Very interesting. It's a little more complex than I need (see the reply
by Xicheng Jia dated today 11:57). That works for me.

I did adopt your code (with a few minor fixes) to my situation, but got
an error when I ran it on my test input file:
Sun Apr 9 12:29:32 2006
0: <xxxxxxxxxxxx
xxxxxxxxxxxxxxx
SAULT STE MARIE Ontario
P6A 3P4
CANADA>? at parse_mail7.pl line 39, <IN> chunk 2.

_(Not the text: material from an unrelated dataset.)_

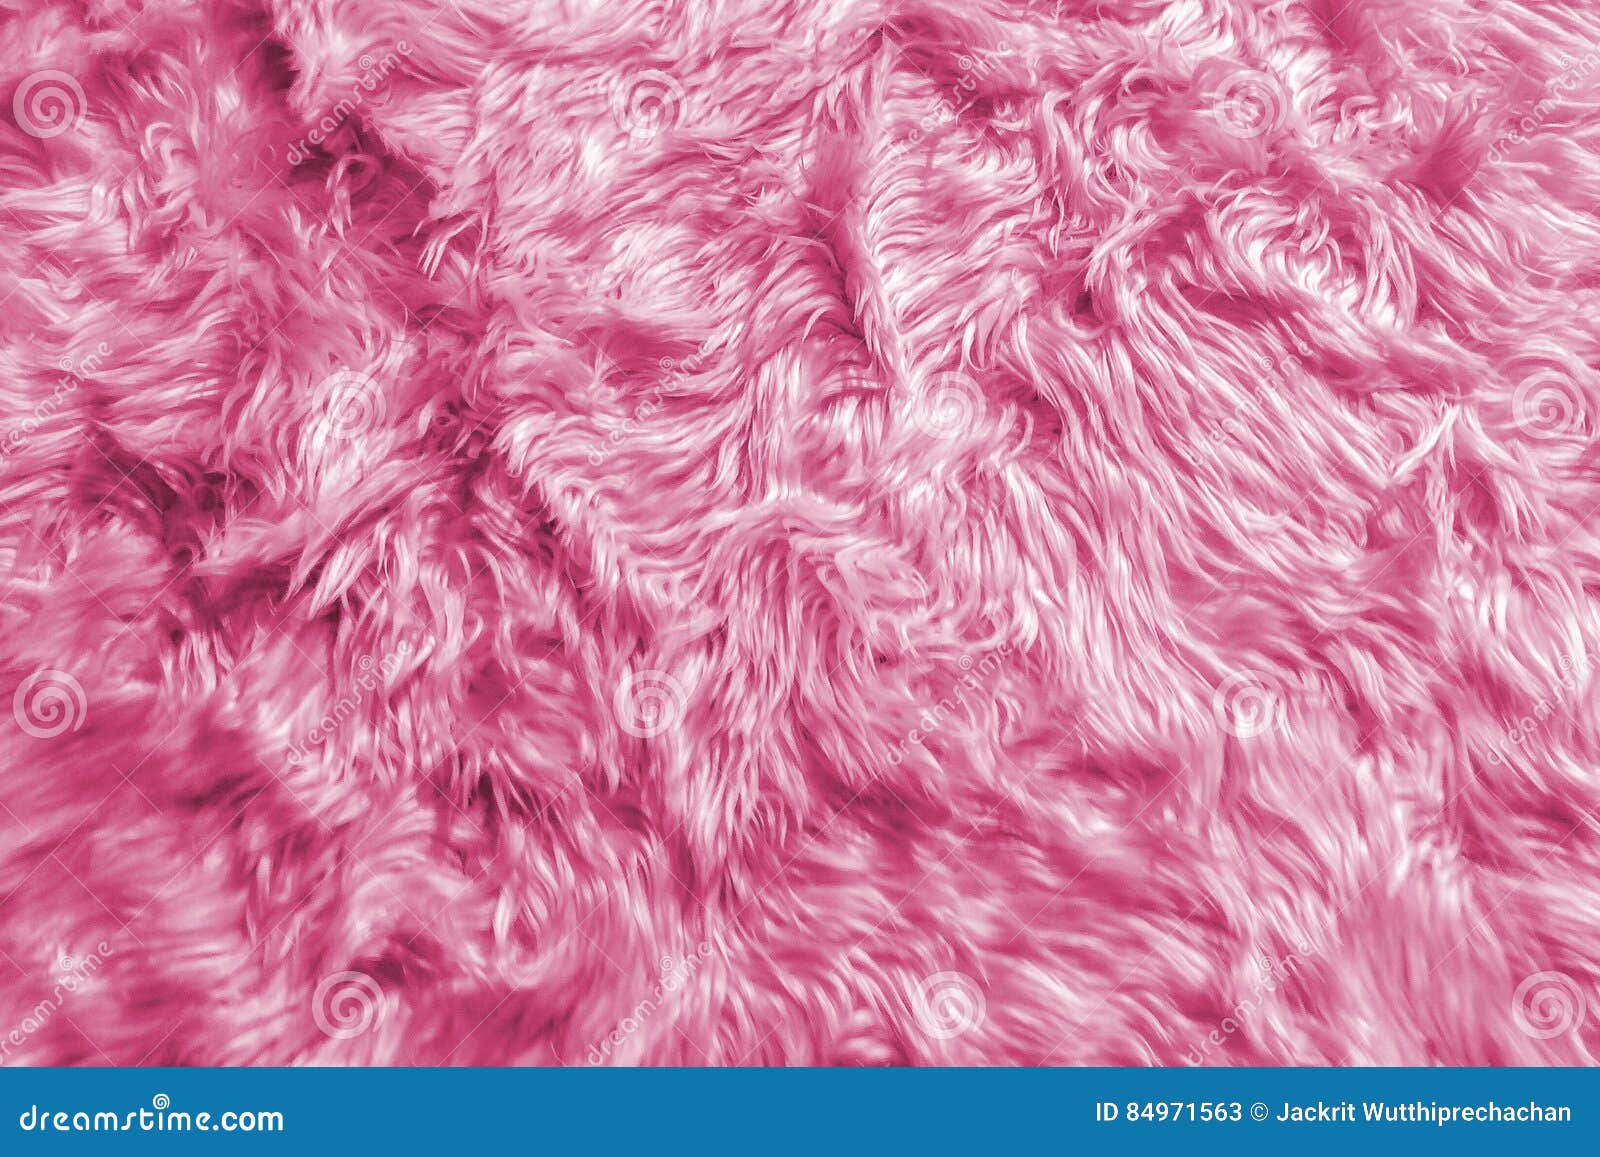 Pink sheepskin pink fur texture stock photo containing fur and textile

Thank you for this very different approach. I will keep it in mind for
other situations.
--
Amer Neely
Home of Spam Catcher
W: www.softouch.on.ca
E: (e-mail address removed)
Perl | MySQL | CGI programming for all data entry forms.
"We make web sites work!"
 
A

Amer Neely

Xicheng said:
Here is a test code which uses paragraph-mode to extract info and try
to insert into your database (tested under WinXP)..
--------------------------
use strict;
use warnings;

local $/ = "";

while ( <DATA> ) {
if (/^Transaction Time:/ .. /^\d\d\d-\d\d\d-\d\d\d\d\s*$/){
my $lines = tr/\n//;
next if $lines < 6;
my ( $name, $addr1, $addr2, $city, $code, $cont );
if ( $lines == 6 ) {
( $name, $addr1, $city, $code, $cont ) = split "\n";
$addr2 = "";
} elsif ( $lines == 7 ) {
( $name, $addr1, $addr2, $city, $code, $cont ) = split
"\n";
}
# to INSERT INTO mytable from mydb.
#$sth->execute( $name, $addr1, $addr2, $city, $code, $cont );
print <<TEST;
name = $name
addr1 = $addr1
addr2 = $addr2
city = $city
code = $code
country = $cont

TEST
}
}

__DATA__
one block
one block
one block
one block
one block

Transaction Time: 18:45:55

Amer Neely
POB 1481 Station Main
AMS dept
North Bay ON
P1B 8K7
CANADA

123-456-7890

some other blocks
some other blocks
some other blocks
some other blocks
some other blocks
some other blocks

Transaction Time: 18:45:34

Bmer Neely
POB 123
South
ABC 879
USA

800-346-7890

another block
another block
another block
another block
another block
another block
another block

Transaction Time: 18:45:55

Amer Neely
POB 1481 Station Main
North Bay ON
P1B 8K7
CANADA

123-456-7890

more blocks
more blocks
more blocks
more blocks
more blocks
more blocks
more blocks
more blocks
more blocks
more blocks

Slight hiccup.
This works perfectly when I run it on my file of extracted lines from
the real file.

When I run this code on the real mail file, I get no output, and $lines
is 0.

--
Amer Neely
Home of Spam Catcher
W: www.softouch.on.ca
E: (e-mail address removed)
Perl | MySQL | CGI programming for all data entry forms.
"We make web sites work!"
 
X

Xicheng Jia

Amer said:
Slight hiccup.
= This works perfectly when I run it on my file of extracted lines from

= the real file.

= When I run this code on the real mail file, I get no output, and
$lines
= is 0.

you may need to check up several things with your real email files:

1) if your records are separated by blank lines.(this garantees the
paragraph-mode)

2) if the patterns /^Transaction Time:/ and
/^\d\d\d-\d\d\d-\d\d\d\d\s*$/ match your real lines. i.e. check out the
line right before the line "Transaction Time: *****" to see if it
contains whitespaces. If it 's not a blank line, you may need to add a
'm' modifier to your regex, so change

/^Transaction Time:/

to

/^Transaction Time:/m

do the same to /^\d\d\d-\d\d\d-\d\d\d\d\s*$/.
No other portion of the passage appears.